Карина тоже стояла в толпе, провожая варяга грустным взглядом. Обычно она старалась с ним не видеться, что при частых его отлучках с войском было нетрудно. А вот остался он в Киеве… Ну да ладно. Скоро она сама уедет. Пока же, чтобы не кручиниться, поспешила прочь, туда, где шло строительство ее гостевого подворья. Она уже поняла, что ничто так не отвлекает от грусти, как уйти с головой в дела.
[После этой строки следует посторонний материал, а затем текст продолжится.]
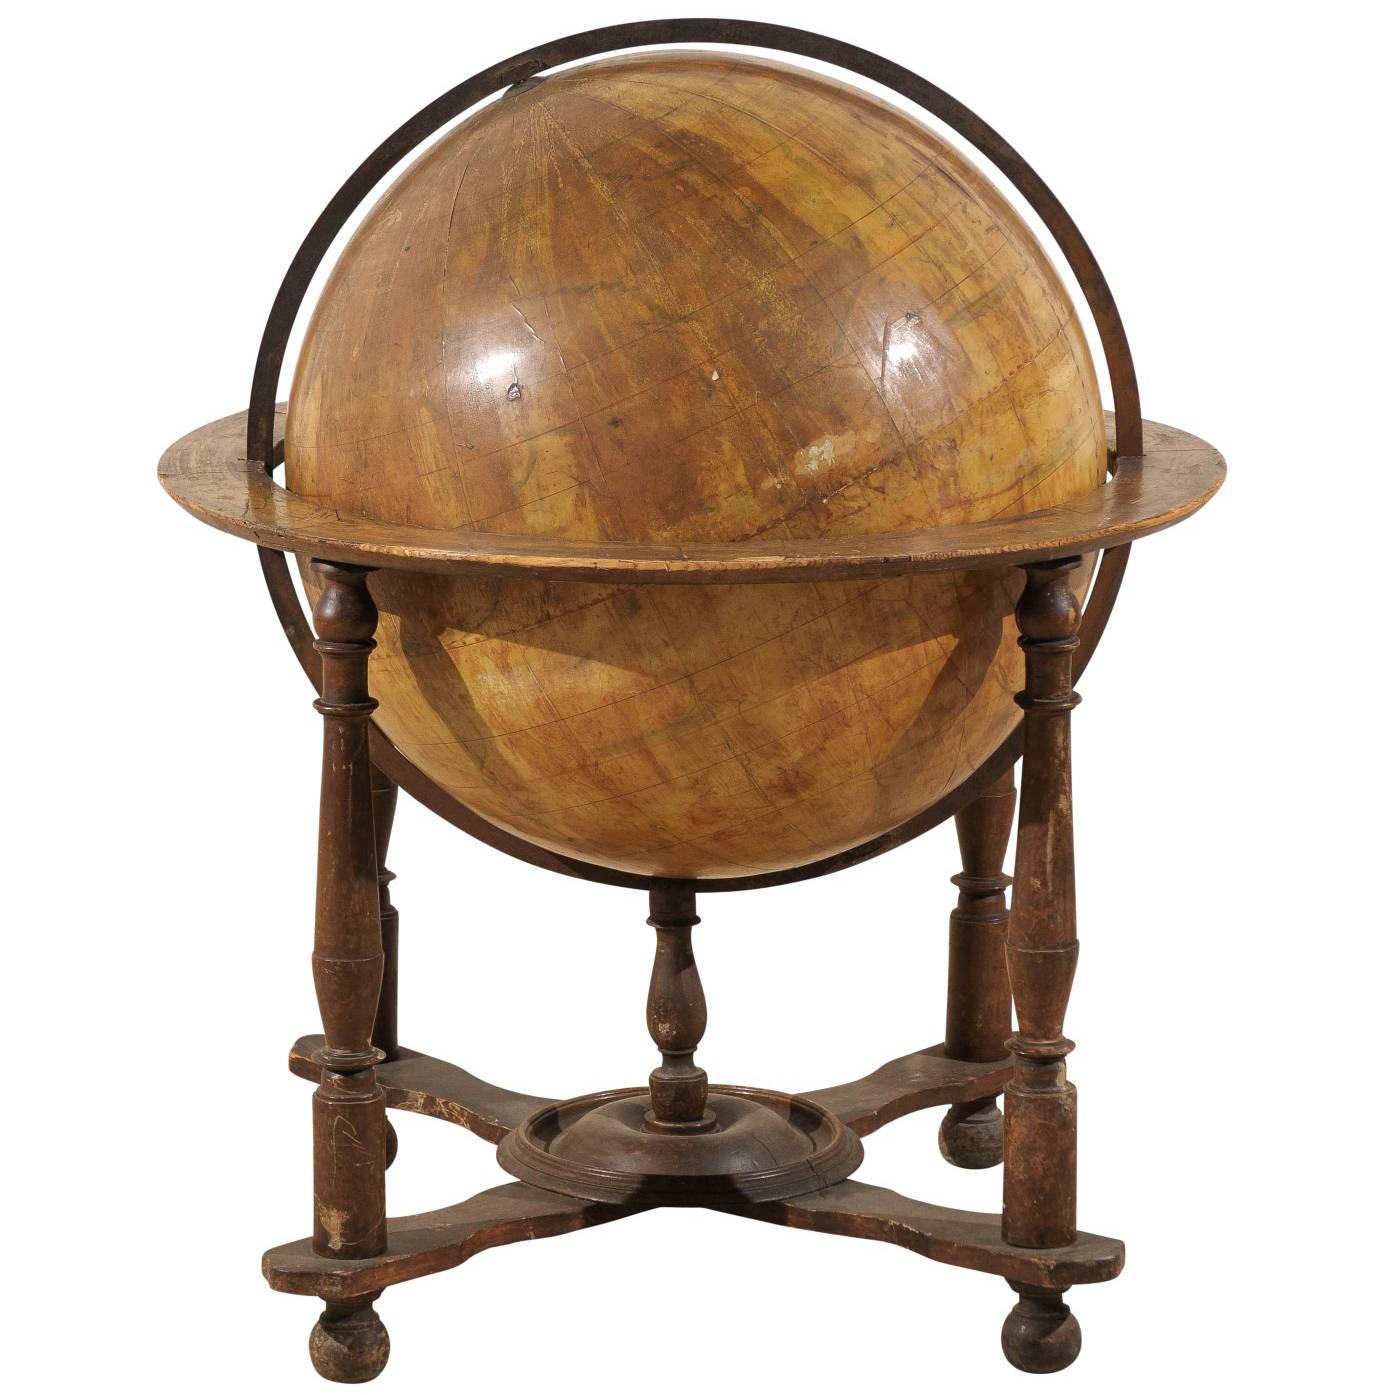 A Large-Sized Italian Heavily Foxed Velum Covered Globe on Wood Stand, 19th C.  For Sale

А дел у Карины было предостаточно. Микула, как и обещал, застолбил для нее место у речки Глубочицы, и теперь там вовсю кипела работа. Мастера, нанятые за осень, успели вырыть котлованы, расчистили пространство, отгородили забором. Теперь же возводили первые срубы, уже поднявшиеся над подклетями — своего рода цоколями, где позже будут кладовые. Строили мастера без гвоздей. Единственным инструментом был топор, поэтому сами мастеровые называли свою работу не «строить», а «рубить». И рубили они лихо — щепа так и летела, а тяжелые бревна, поднимаемые воротами, укладывали одно на другое, вставляя в пазы, Тут же на костре варили кашу, чтобы мастера могли перекусывать, не отвлекаясь отдела.
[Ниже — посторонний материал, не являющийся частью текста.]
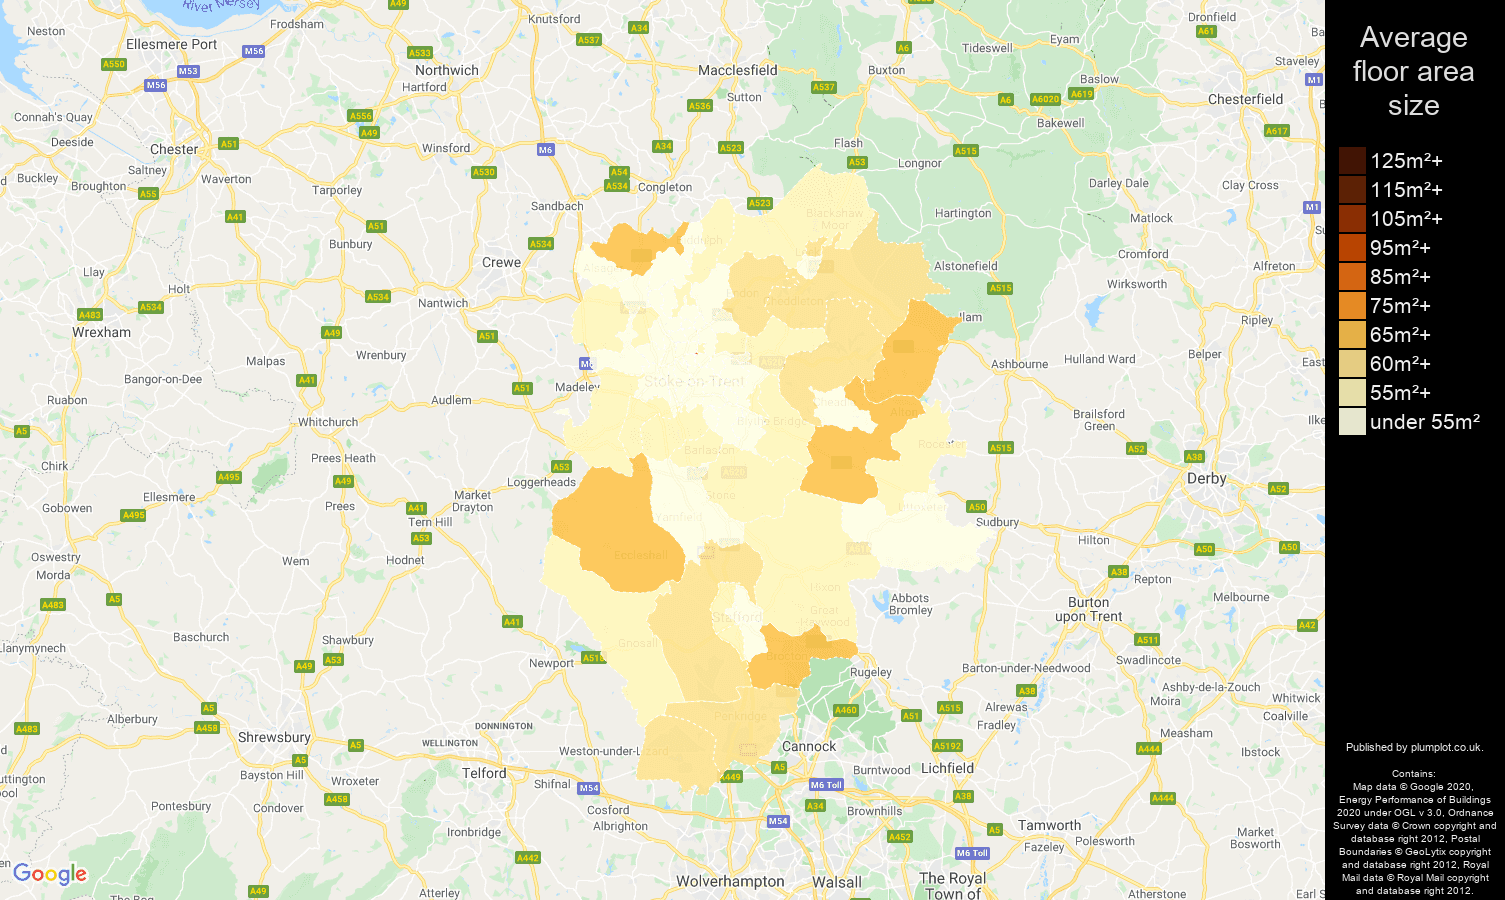 Stoke on Trent map of average floor area size of flats

Оказавшись на месте будущего гостевого подворья, Карина сразу окунулась в казавшуюся беспорядочной, но такую налаженную работу стройки. Приходилось, и отвечать на вопросы, и спрашивать самой, и следить за прибытием подвод с бревнами, и рассчитываться с лесорубами и возчиками.
Поначалу непривычные к тому, что ими правит баба, мастеровые то и дело задирали ее сальными шутками и едва ли не в зернь разыгрывали, кто первый приголубит пригожую работодательницу. Однако постепенно смирились со строгой девкой. И дело не только в том, что ее покровителем считался боярин Микула, а охранником при ней был суровый Третьяк, которого за плату выходили волхвы после летнего нападения на него. Оказалось, что эта упрямая баба и наказать, и прогнать могла, и воли никому не давала. В советники себе взяла наиболее опытных, сама за всем следила, сама расплачивалась, сама изгоняла нерадивых или слишком буйных. При этом держалась поважнее иной боярыни: и голоса не повысит, но взгляд просто пронзающий, а если что не по ней, церемониться не будет.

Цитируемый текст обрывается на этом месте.